DUBAI (Reuters) – Chaque minute que passe le président Ali Abdallah Saleh en dehors du Yémen marque un pas de plus vers la fin de son règne de près de trente-trois ans à la tête d’un pays secoué par cinq mois de révolte populaire.
Blessé par un tir de roquette sur le palais présidentiel vendredi à Sanaa, Saleh est en Arabie saoudite depuis samedi pour y recevoir un traitement médical.
Les informations restent trop parcellaires ou contradictoires pour mesurer la portée exacte de l’événement.
On ignore ainsi le degré de gravité de ses blessures, on ne sait pas si ses fils ou neveux, qui commandent la garde républicaine et contrôlent les agences de renseignement et de sécurité du pays, font partie des 35 personnes de l’entourage du chef de l’Etat qui ont atterri samedi à Ryad.
« Tout ce que l’on sait, c’est que le moment est très dangereux », résume à Sanaa l’analyste politique Sali Seif Hassan.
Deux scénarios sont à envisager, ajoute-t-il.
Le premier est que les proches du président se précipiteront pour combler le vide laissé par Saleh à la tête de l’Etat, ce qui conduira à de nouveaux combats entre forces loyalistes et milices tribales et renforcera le risque de guerre civile.
Le deuxième est que l’Arabie saoudite a peut-être obtenu un accord qui permettra à Saleh de renoncer au pouvoir tout en sauvant la face.
L’issue de la crise dépend en grande partie de la manière dont le puissant voisin saoudien prendra position dans les heures et les jours qui viennent.
LE RÔLE CRUCIAL DE RYAD
Premier bailleur de fonds du Yémen, Ryad finance le gouvernement de Saleh, approvisionne l’armée et subventionne les hôpitaux.
Le premier exportateur mondial de pétrole partage une frontière de 1.500 km avec le Yémen et soutenait jusque récemment le régime du président Saleh afin de lutter contre Al Qaïda dans la péninsule arabique (Aqpa).
Quand il est devenu clair, en avril, que les manifestants antigouvernementaux ne renonceraient pas à leur exigence d’un départ du chef de l’Etat, Ryad et ses voisins du Golfe ont mis au point un plan de sortie de crise. Mais Saleh a refusé à trois reprises de le signer.

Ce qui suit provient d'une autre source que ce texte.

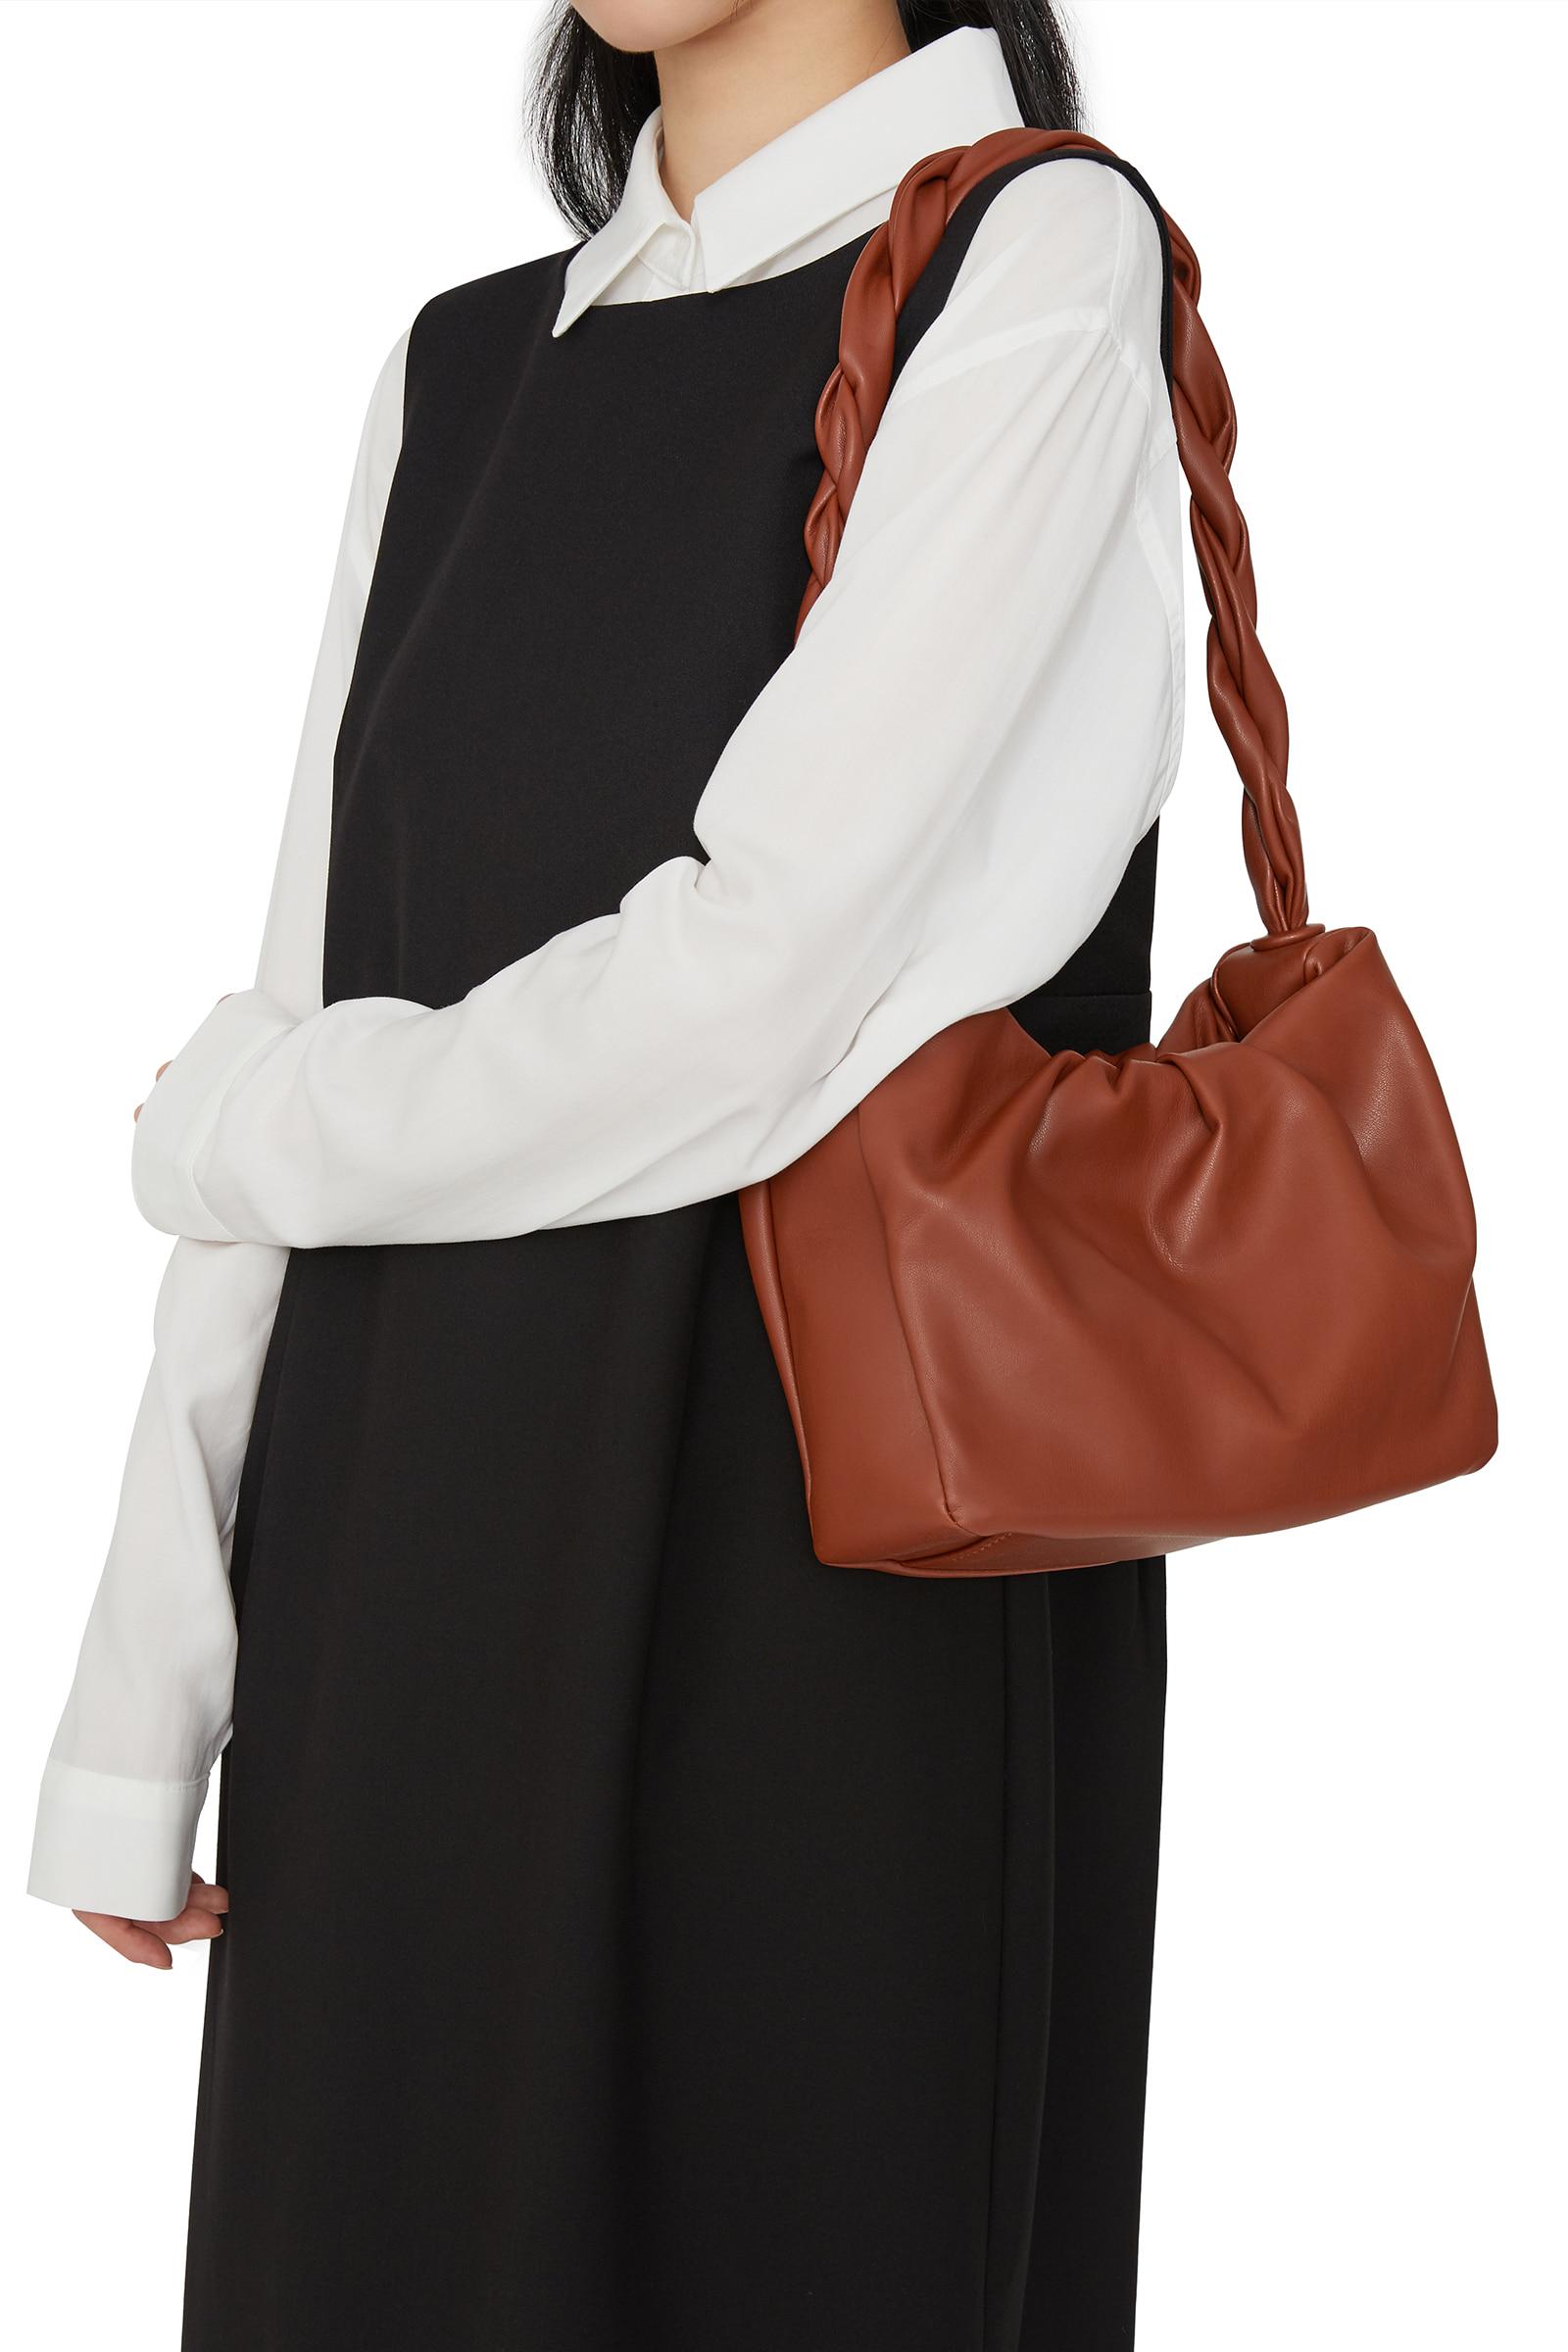 Wish twisted wrinkled shoulder bag
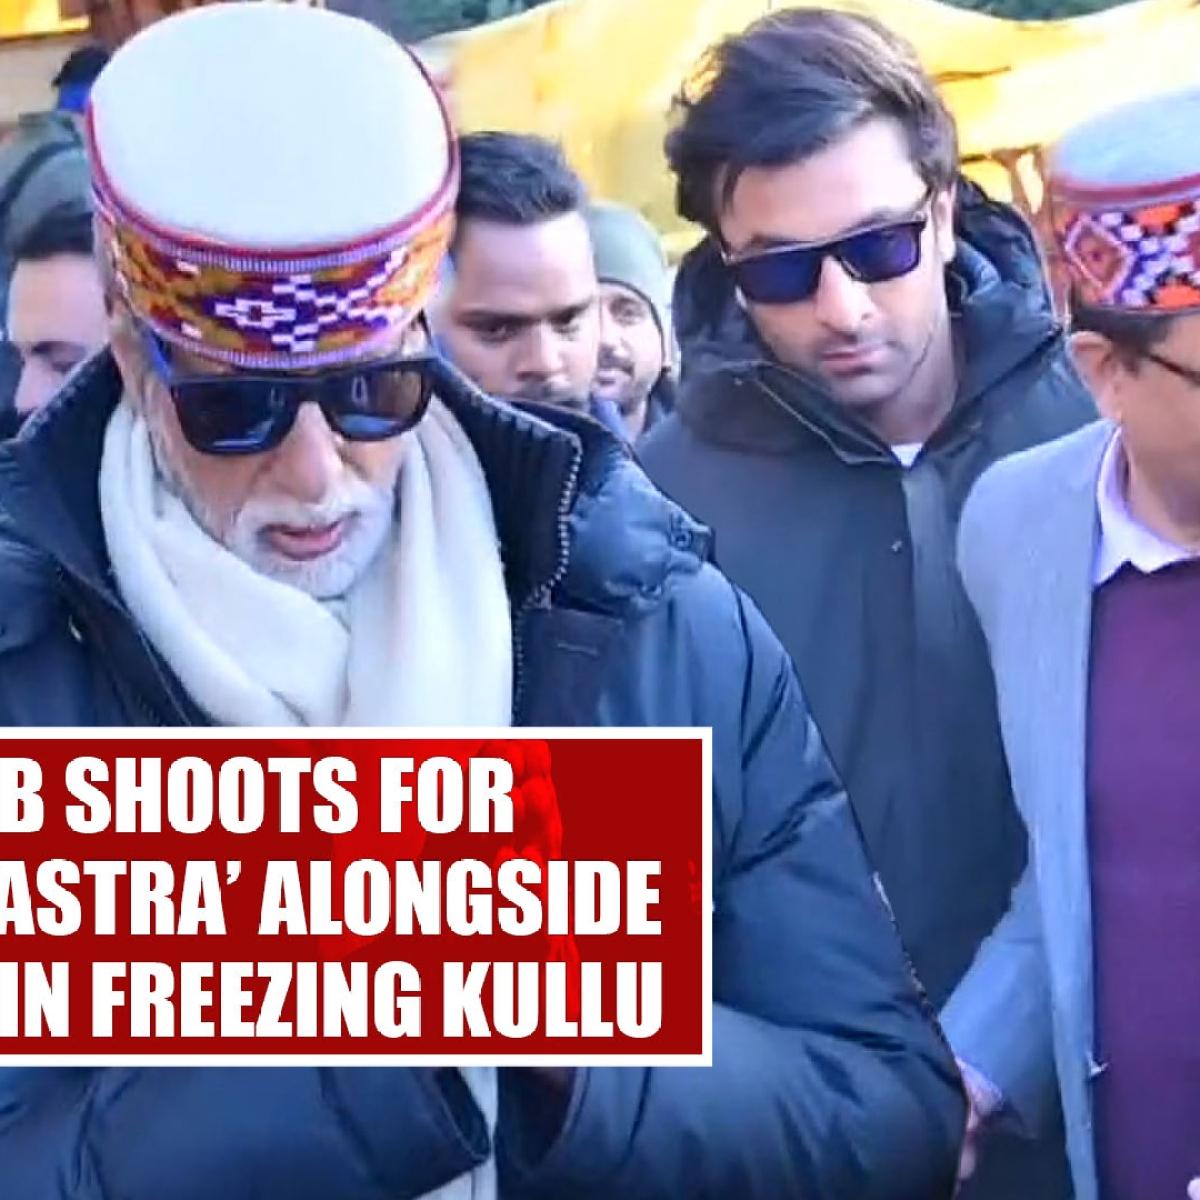 Big B shoots for 'Brahmastra' alongside Ranbir in freezing Kullu

Pourtant, l’Arabie saoudite, qui finance également des tribus pour combattre Al Qaïda, n’a toujours pas pris la décision capitale de couper les fonds, sans doute par crainte de laisser le pouvoir vacant, avec l’incertitude qui en découle.
Khalid al Dakhil, analyste saoudien, est persuadé que Saleh ne se serait pas rendu en Arabie saoudite s’il n’avait pas eu l’intention de chercher une sortie.
« Le président du parlement, le Premier ministre et le président sont ici, donc dans les faits, tout le gouvernement est là », souligne Dakhil. « Cela facilitera un arrangement. »
TENTATIVE D’ASSASSINAT
Comme Saleh, le Premier ministre, les présidents des deux chambres du parlement et deux vice-premier ministres ont été blessés dans l’attaque à la roquette, remarquable de précision.
Tous étaient réunis dans une mosquée à l’intérieur du complexe présidentiel et seule une information fournie par une personne à l’intérieur a pu aider à les localiser, estiment les analystes de la société d’analyse géopolitique Stratfor.
En d’autres termes, il s’agit d’une tentative d’assassinat.
« Ce n’est pas l’oeuvre des tribus, mais des militaires, soutenus par des membres du régime présumés proches de Saleh », affirment-ils.
« Pour cette raison, Stratfor soupçonne que l’opposant le plus redoutable au sein de l’armée, le général Ali Mohsen al Ahmar, qui a été très discret au cours des derniers jours et suscite un grand respect au sein de la vieille garde, soit impliqué dans cette apparente tentative de coup d’Etat. »
Ali Mohsen, avec d’autres généraux, a rallié l’opposition à Saleh le 21 mars, après la mort de 52 manifestants abattus par des tireurs sur une place de Sanaa.
La réaction au départ en Arabie de Saleh, celle des généraux renégats, des tribus et des manifestants antigouvernementaux, pourrait jouer un rôle déterminant dans la suite des événements.
En l’absence de violence, l’Arabie saoudite pourrait se convaincre qu’un départ définitif du chef de l’Etat serait le meilleur moyen pour le Yémen de retrouver un semblant de calme et de stabilité.